Я поднял голову. На противоположной стороне, в дверном проеме, ведущем из раздевалки на лед, стоял наш главный тренер – Роквел Гейт.
– Как дела, сынок? – поинтересовался он тоном, который не предвещал ничего хорошего, и коротким кивком велел мне следовать за ним.
Мы вышли в тоннель, и тренер закрыл за нами дверь. После чего вытащил из кармана телефон, потыкал пальцем в сенсорный экран и вручил его мне.

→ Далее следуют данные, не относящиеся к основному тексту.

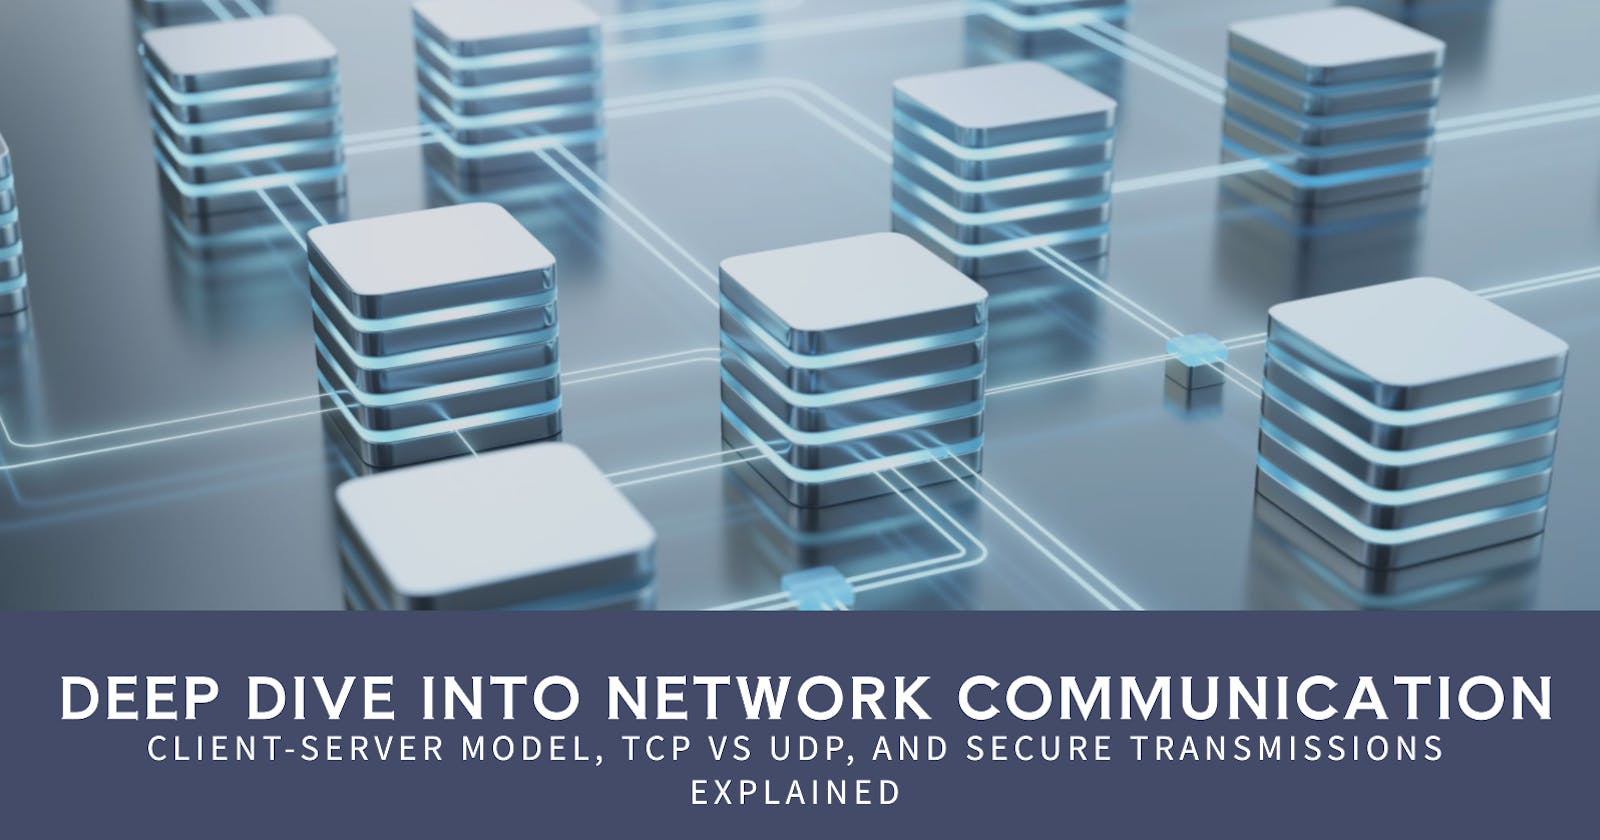 Deep Dive into Network Communication: Client-Server Model, TCP vs UDP, and Secure Transmissions Explained

На экране была фотография Громова со спущенными штанами, позади которого маячил мой размытый силуэт.
Гребаный Бес и его новое тату.
– Это не то, о чем вы подумали.
– Мне плевать на твою сексуальную жизнь, Рид. Я тебе не жена и не мамочка. – Его редкие седые волосы были слегка растрепаны, а на круглом раскрасневшемся лице читалось неприкрытое раздражение. – На что мне не плевать, так это на то, как мои подопечные проводят свое свободное, мать его, время. Какого черта вместо полноценного отдыха перед игрой ты напиваешься в дешевом баре?
– Я живой человек, ясно? Если у меня отстойное настроение, то я иду и надираюсь в дешевом баре! – Эти слова прозвучали резче, чем мне бы хотелось, но я уже был на взводе.
Гейт запрокинул голову и смерил меня свирепым взглядом.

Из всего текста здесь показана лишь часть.